## SUPPLIED MATERIAL
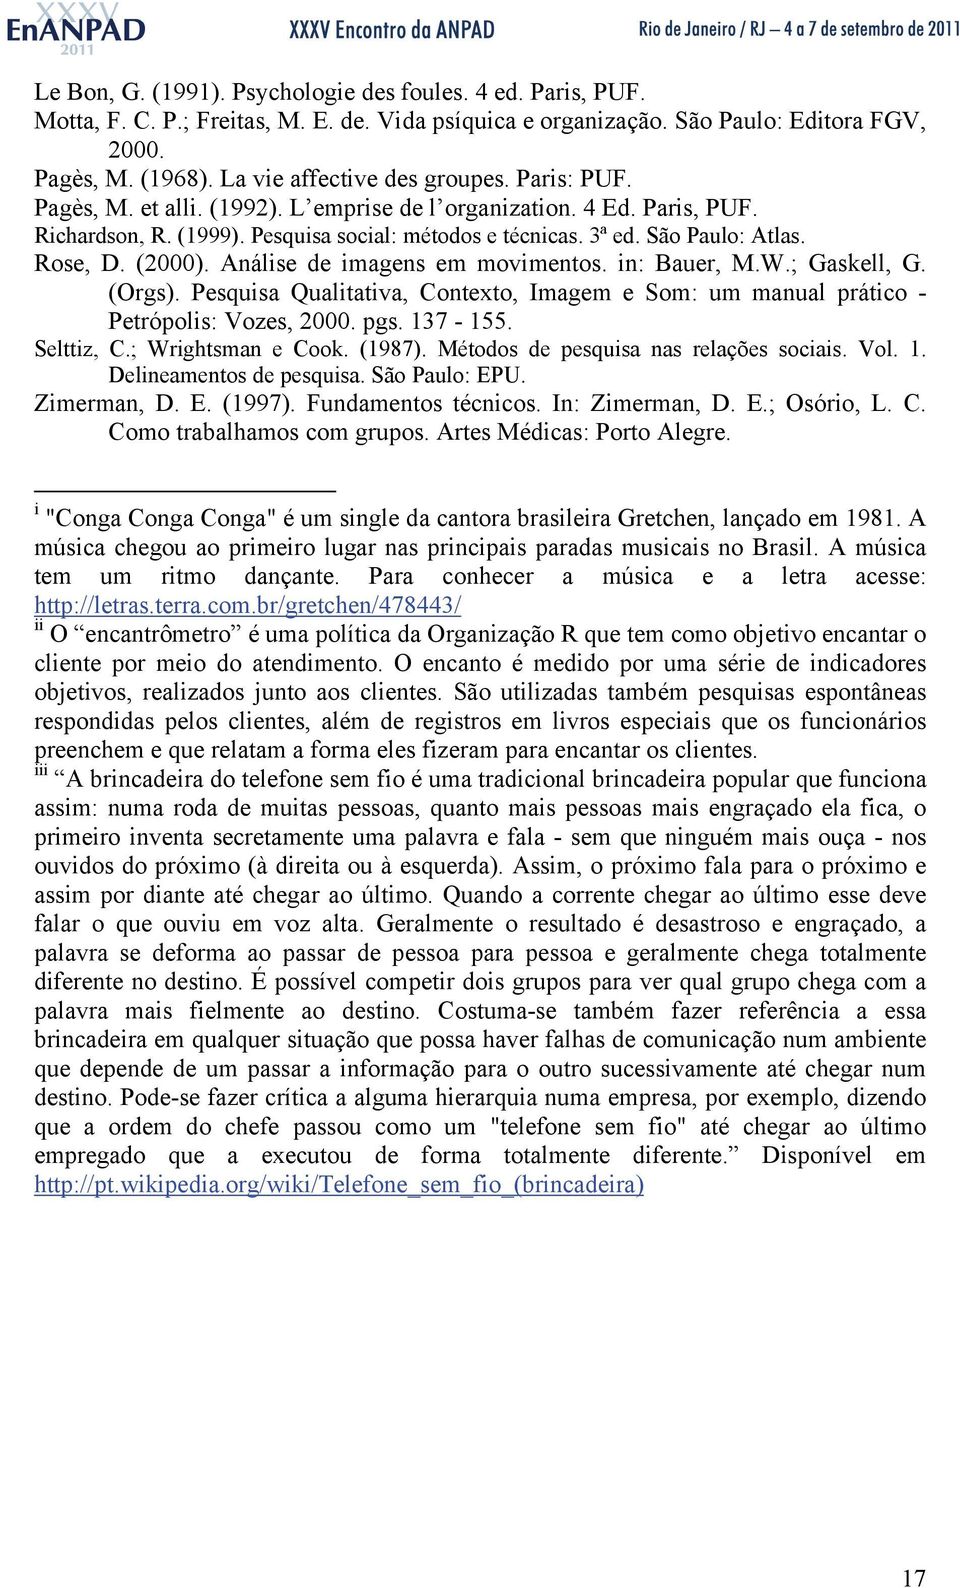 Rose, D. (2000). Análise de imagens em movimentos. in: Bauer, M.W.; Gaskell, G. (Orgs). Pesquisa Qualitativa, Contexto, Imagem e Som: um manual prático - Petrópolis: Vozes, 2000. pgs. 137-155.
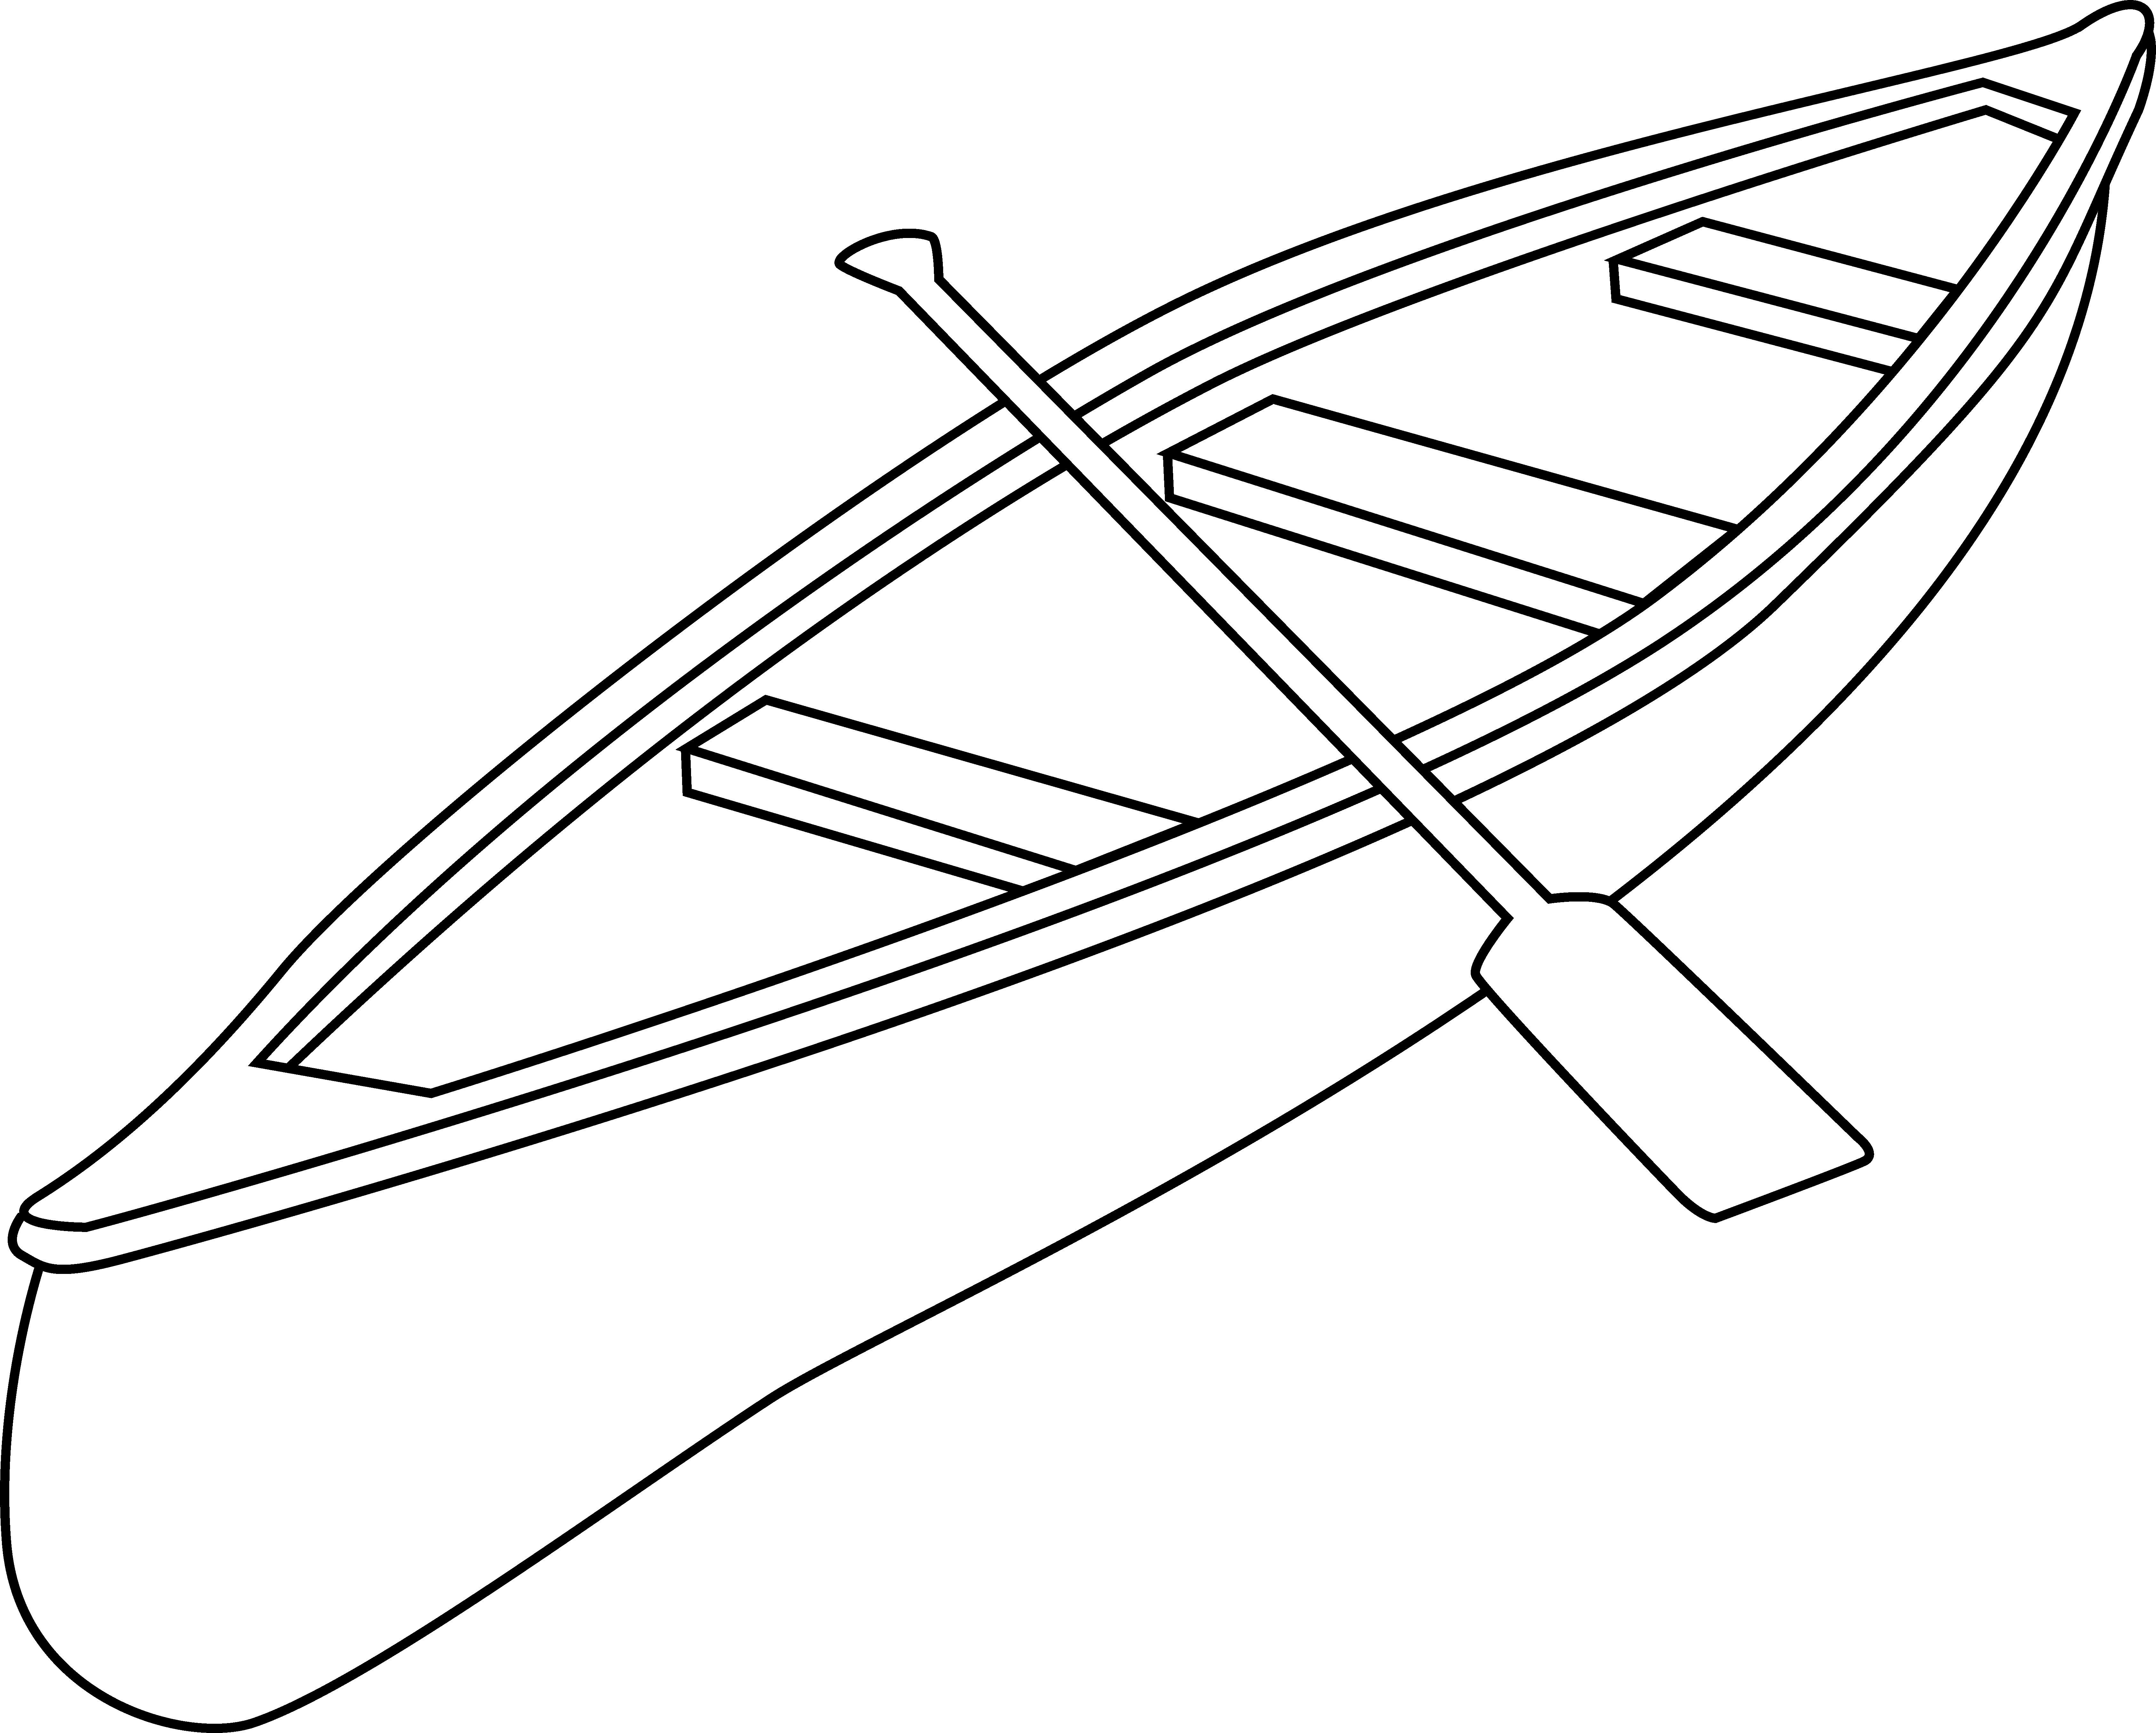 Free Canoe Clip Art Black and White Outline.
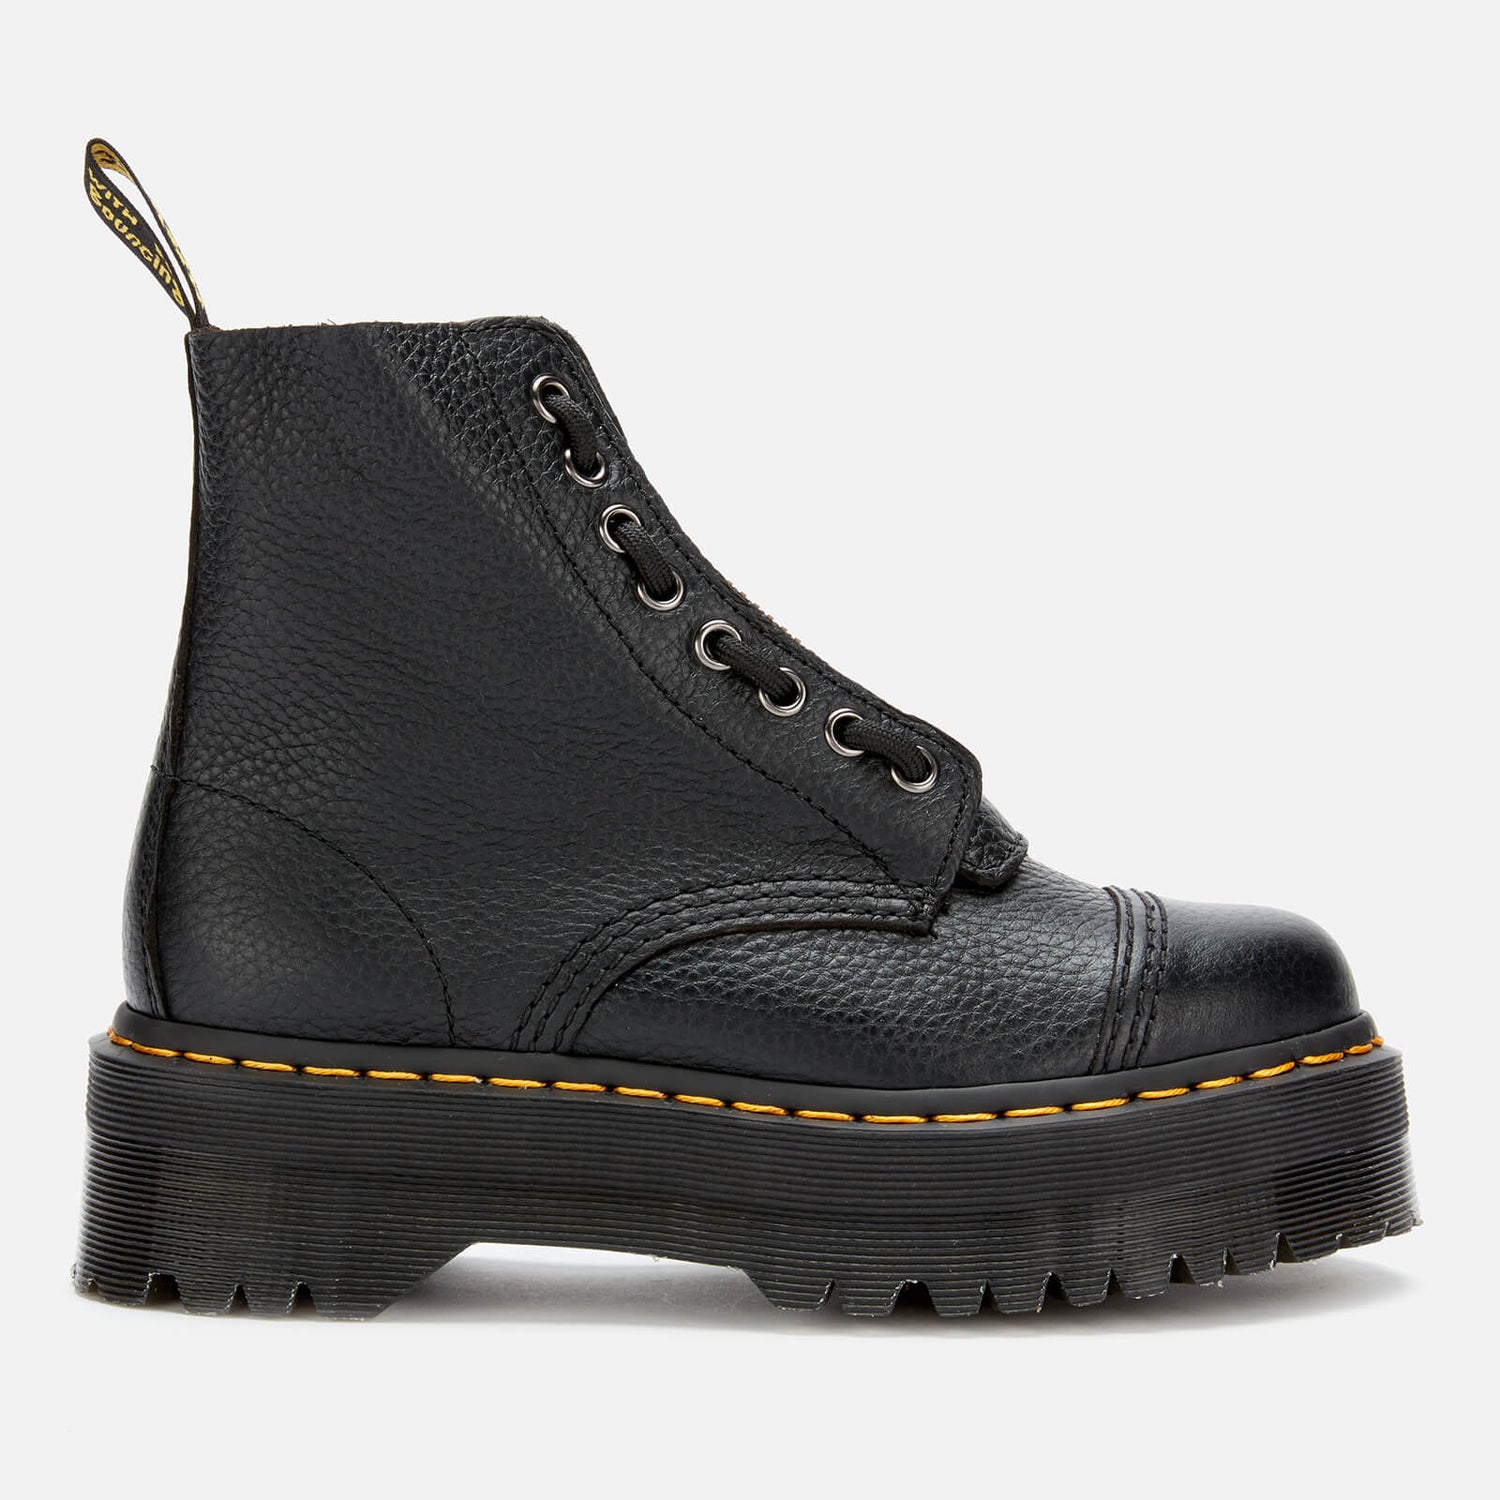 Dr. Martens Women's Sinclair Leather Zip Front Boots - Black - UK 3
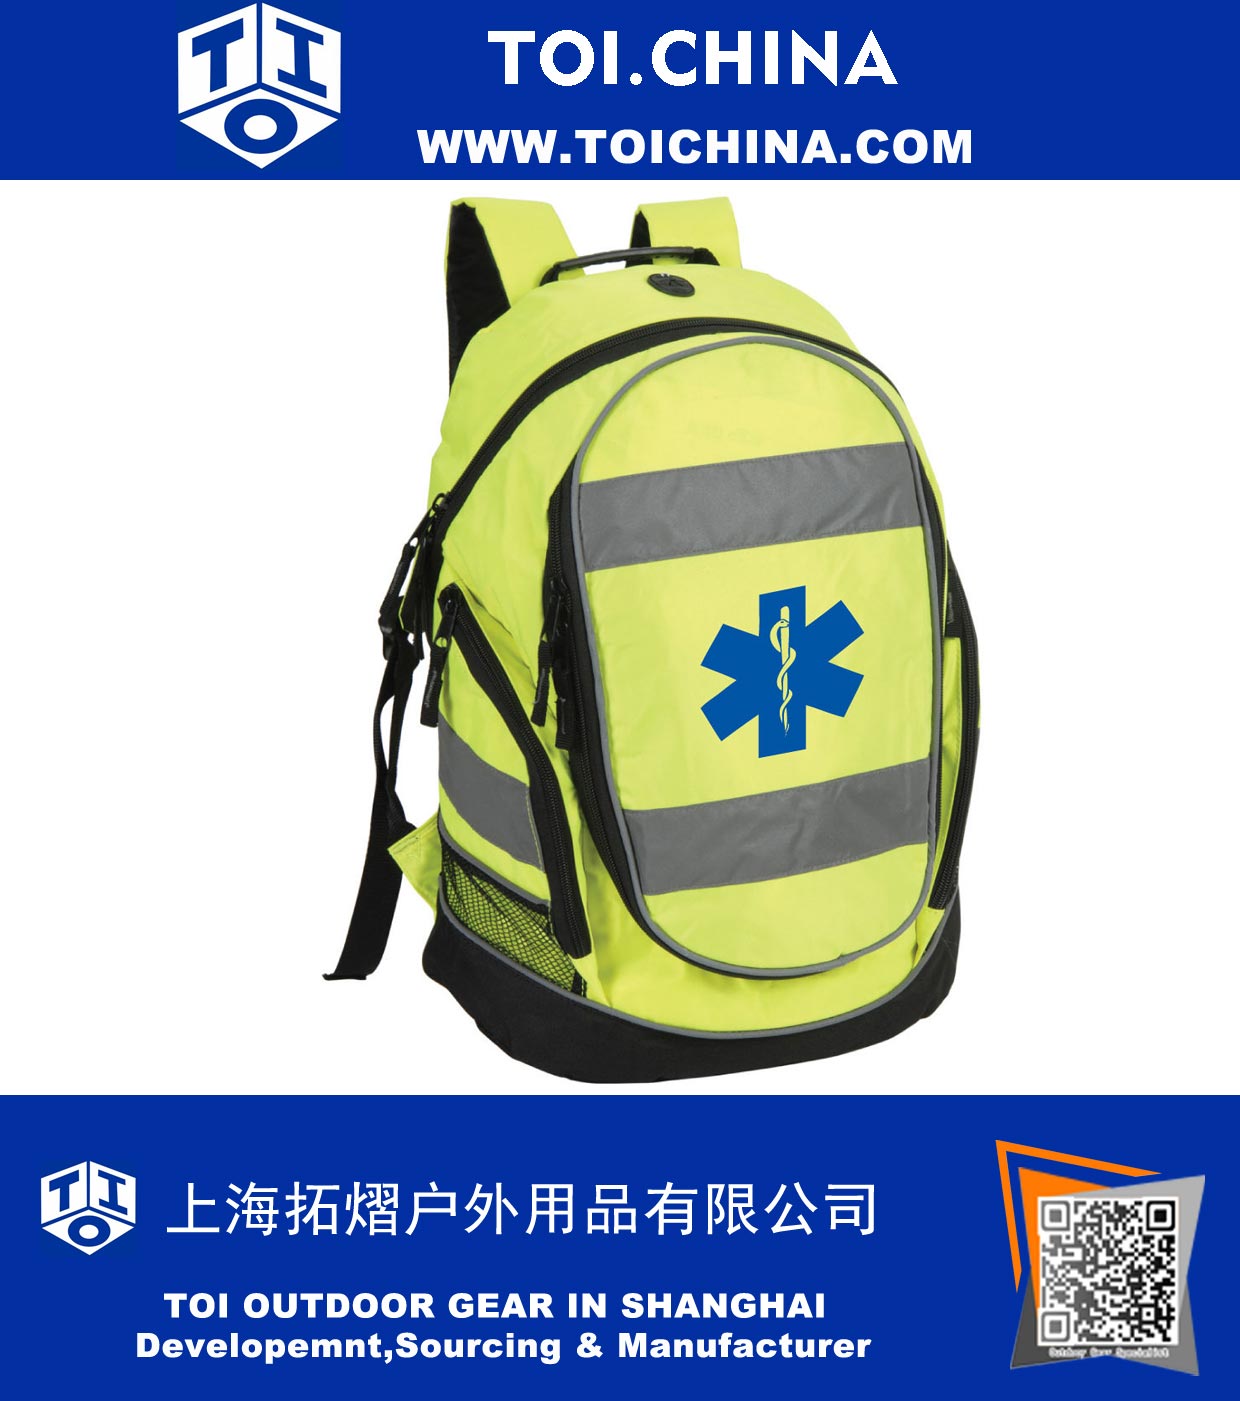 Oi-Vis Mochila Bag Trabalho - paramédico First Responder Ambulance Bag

## ASSIGNMENT
Reprint the whole listing verbatim except for the pictures.

## EXERCISE OUTPUT
 Rose, D. (2000). Análise de imagens em movimentos. in: Bauer, M.W.; Gaskell, G. (Orgs). Pesquisa Qualitativa, Contexto, Imagem e Som: um manual prático - Petrópolis: Vozes, 2000. pgs. 137-155.
 Free Canoe Clip Art Black and White Outline.
 Dr. Martens Women's Sinclair Leather Zip Front Boots - Black - UK 3
 Oi-Vis Mochila Bag Trabalho - paramédico First Responder Ambulance Bag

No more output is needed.